始まりの予感

 大陸の西の果て。とある村に一人の赤子が産まれた。村人は大いに喜んだが、赤子が成長すると共に、その赤子が『忌み子』である事がわかってしまう。



 『忌み子』——災いをもたらし、必ずや周囲を不幸に陥れる、穢れた存在。この村では古くから、そのような言い伝えがある。時が経つにつれて、大陸では当たり前であった認識も風化し、今では少数の人間しか知る者はいない。それもそのはず、忌み子自体が大変珍しい存在なのだ。数十年に一度、産まれるかどうか。古い文献でもその存在は詳細に書かれていない。




 朝の穏やかな日差しが、屋根裏の小窓から差し込む。

 ベッドとは言えないが、清潔に保たれた薄い布の上で、一人の少年が寝ていた。黒目、黒髪。この村では『忌み子』と呼ばれる存在、名は『シオン』。




 「……ん……ふぁぁ。」

 まだ眠たい目を擦りながら、シオンは目を覚ます。


 「……あれ?なんで僕泣いてるんだろ。」


 その目には確かに、涙の跡があった。何かを見たようで、何も覚えていない。怖い夢でも見たのだと思い、シオンは身体を起こす。

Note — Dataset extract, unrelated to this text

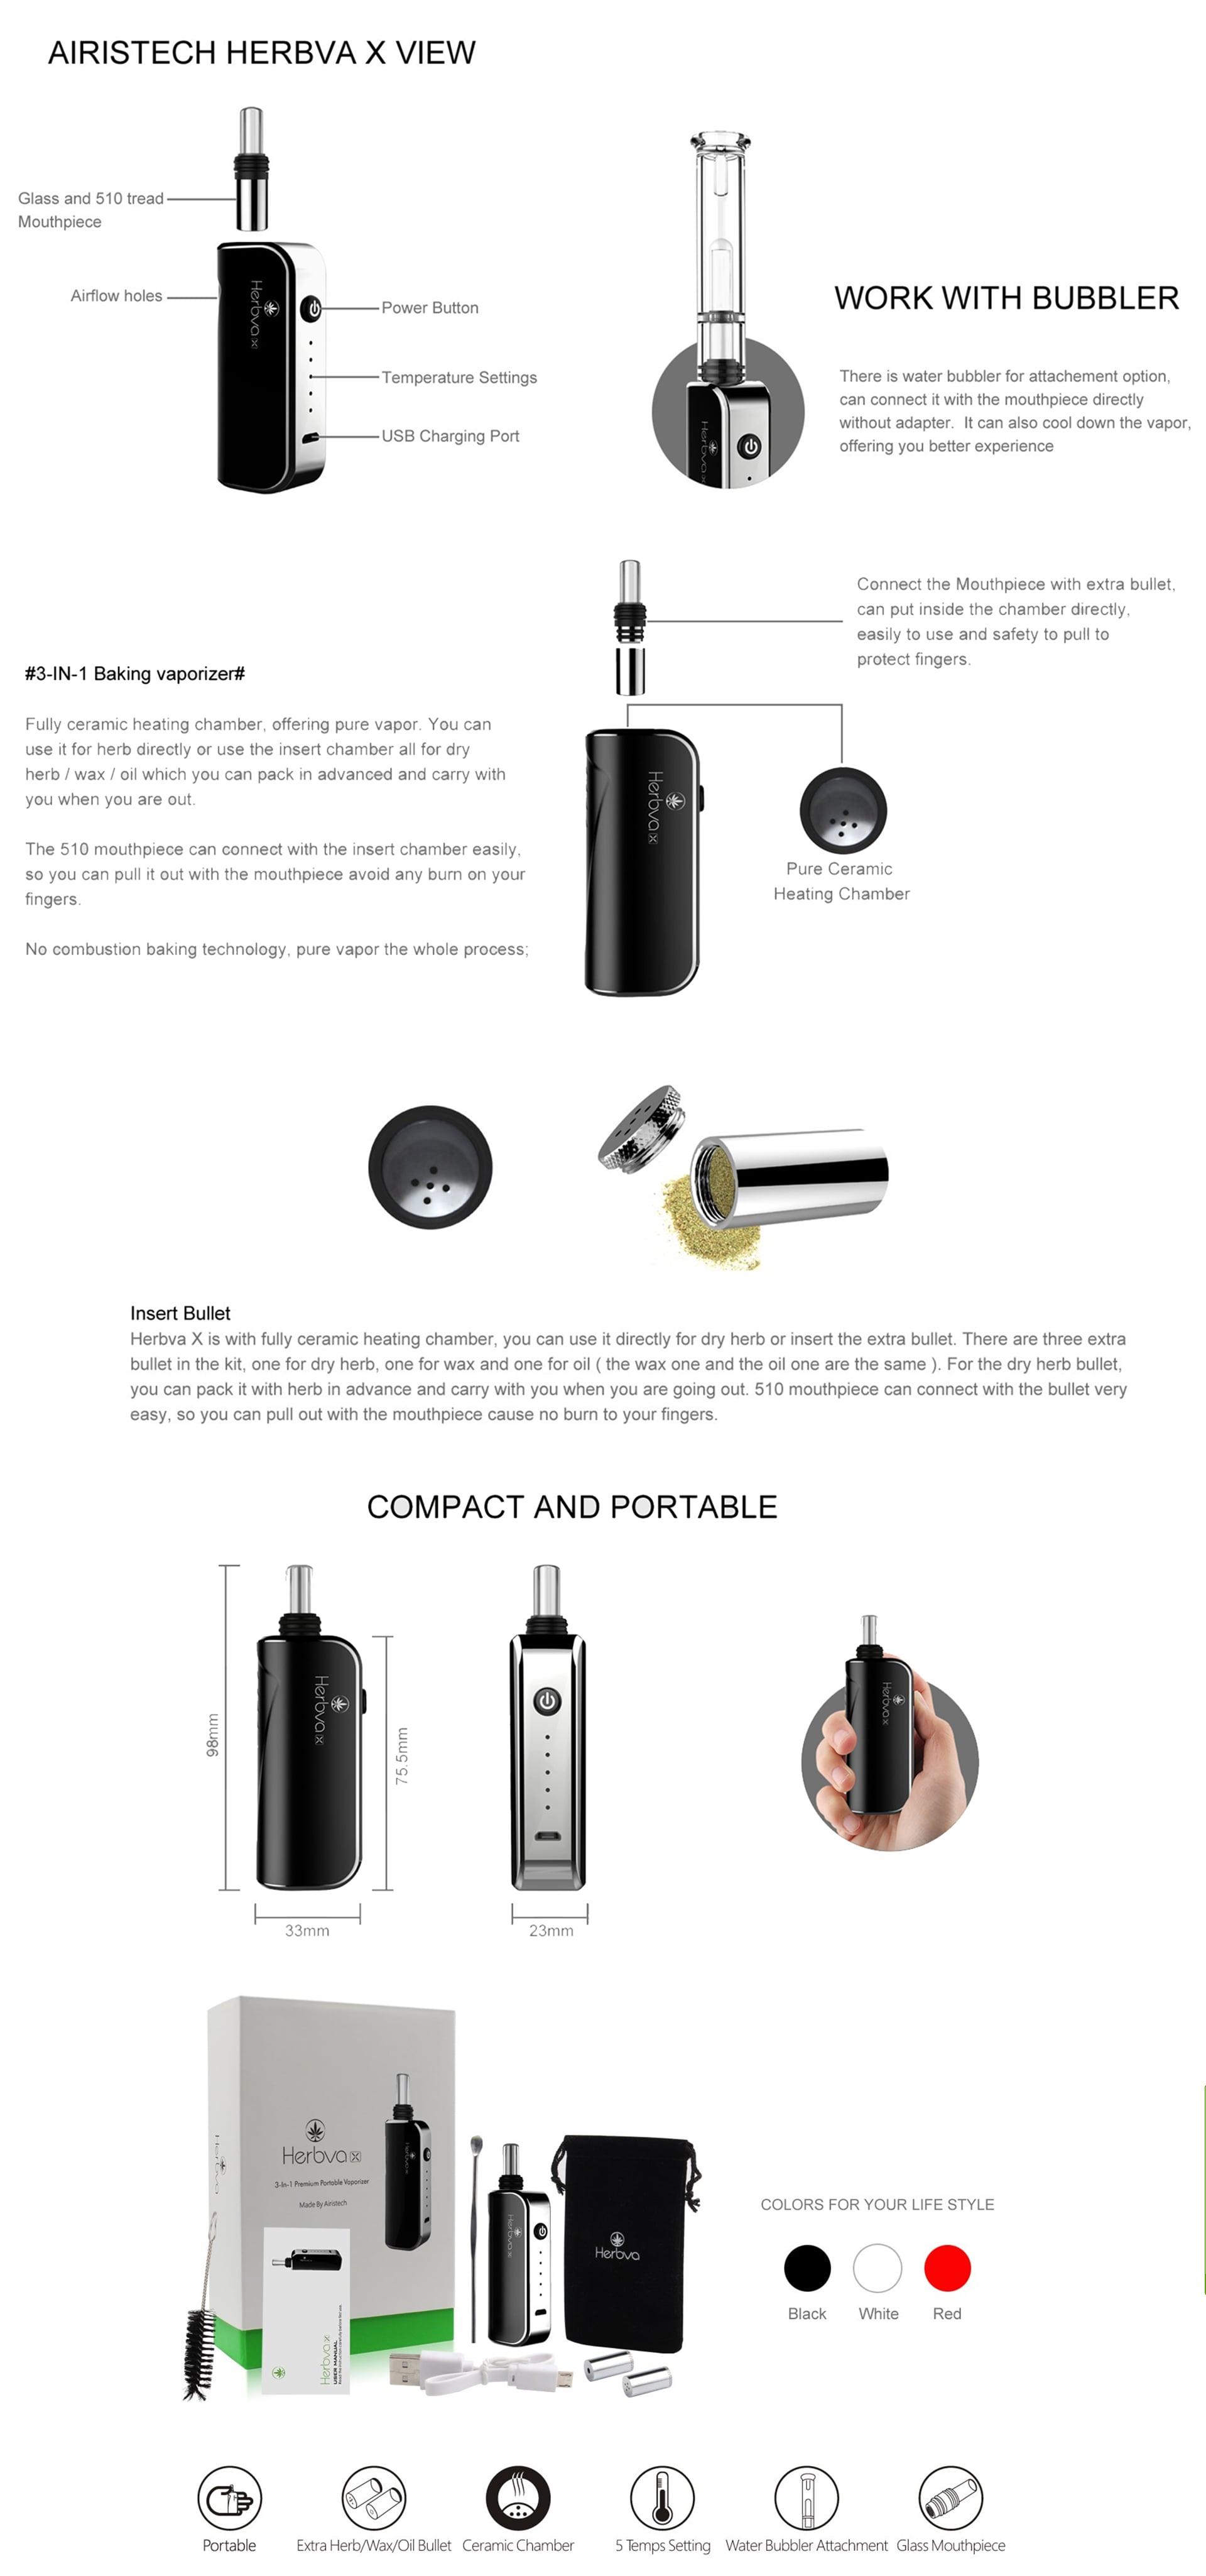 Airistech Herbva X 3-in-1 vaporizer product summary

 屋根裏部屋から下に降りる扉の前、そこにはトレーに置かれたパンとスープがあった。シオンの母、カーラが作ってくれたものである。


 『忌み子』である事がわかり、物心ついた時からこの屋根裏部屋で生活しているが、決して両親からの愛を感じなかったわけではない。


 三食しっかりご飯は用意してくれるし、月に数回は話す時間もある。そして、なにより誕生日の日には本をくれるのだ。それが……シオンにとっては生きる意味でもあった。

 

 シオンにとっては、この屋根裏部屋から見える景色が全てであった。その限られた世界の中で、本は新たな世界を見せてくれる。そんな世界もあるのだと、想い、馳せる事ができる。




 以前、母、カーラに聞いてみたことがある。


 「ねぇ母さん、僕ってずっとここで暮らさなきゃダメなの?」


 「それは……今はそうね。でも貴方がもう少し大きくなったらここから出られるかもしれないわ。それまでの辛抱よ。」


 「本当に!?やったっー!!僕、外に出て色々なものを見てみたいんだっ!!」


 「んふふ、それは楽しみね。」


 興奮するシオンをみて、カーラは優しく微笑む。——しかし、しばらくすると俯いて。


 「……シオン、普通に産んであげられなくてごめんね。」


 初めてみた母の表情に、何と声をかけたらいいのか、その時のシオンにはまだ分からなかった。



 朝食を食べながらシオンは思う。



 ——早く、この狭い部屋から抜け出して、広い世界を見てみたいな。




 暖かい風が屋根裏の小窓から吹き込む。季節は春、小さな少年を取り巻く環境は少しずつ、確実に変化していた。